How to ask the right questions in discovery

Discovery is part law, part art, and part intuition. The lawyer must generate questions that can be used, by themselves, to bring certain issues in front of the judge either because the opponent answered the questions or because they didn’t answer.

If your point is that your opponent doesn’t own the claim even though they either said or implied that they do own it, then you need to do some investigation first so you can ask the right questions in the right way. If your point is that there are two agreements, one for loan and the other for securitization, the same thing applies. Either way you face an uphill climb as you attempt to persuade a judge who is not an investment banker and doesn’t understands securitization but still thinks he or she understands residential homeowner transactions.

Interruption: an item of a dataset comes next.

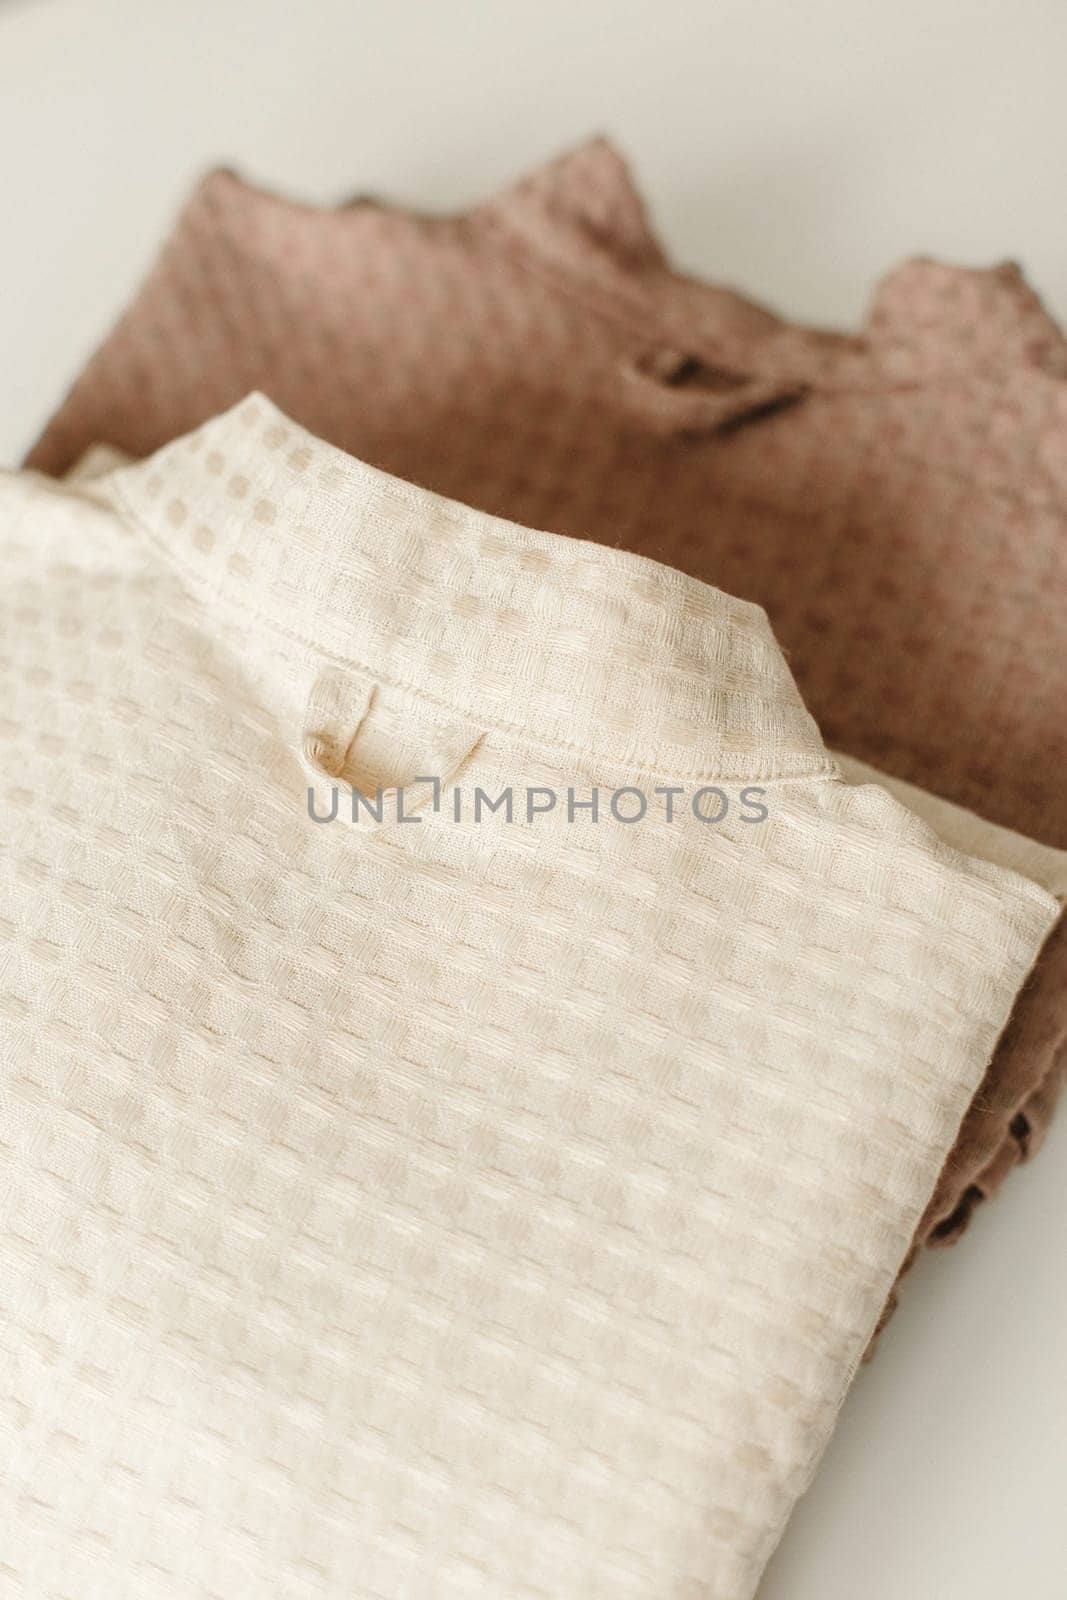 Linen bathrobe is folded, lies on the table. Close-up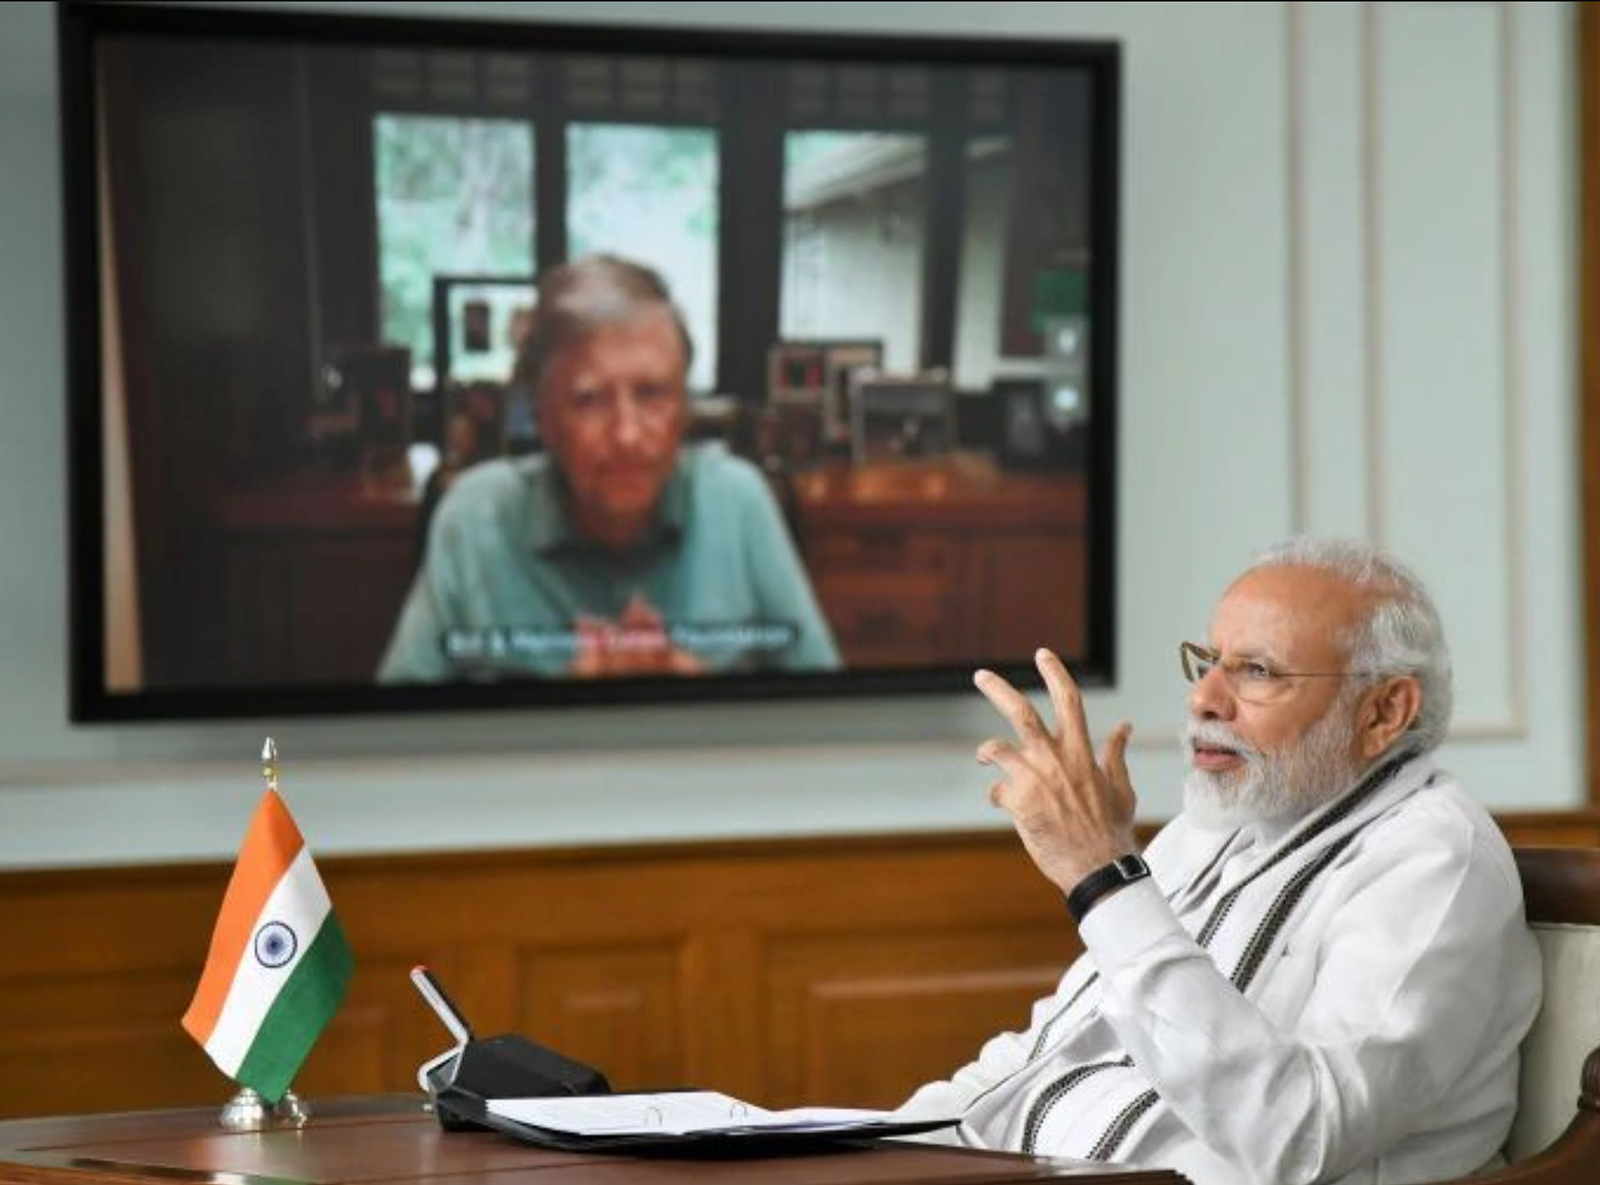 Indian Prime Minister Narendra Modi holds a video conference with Bill Gates.

So continuing with our example, you want to show the judge that despite the requirements for legal standing your opponent does not have standing. In order to have standing the claimant must have an injury. Financial injury qualifies and that is what the banks are relying upon when they try to foreclose.

How does one have financial injury? Actual financial damages occur when one actually loses money or permanent value of some property — tangible, intangible, real or personal property all qualify.

By “actual” that means you can count the money that was lost as a direct and proximate result of the action or inaction of the defendant or, in this case, the homeowner.

If the homeowner doesn’t make a payment that had been expected, then several things occur in the law that makes this fairly simple proposition complex.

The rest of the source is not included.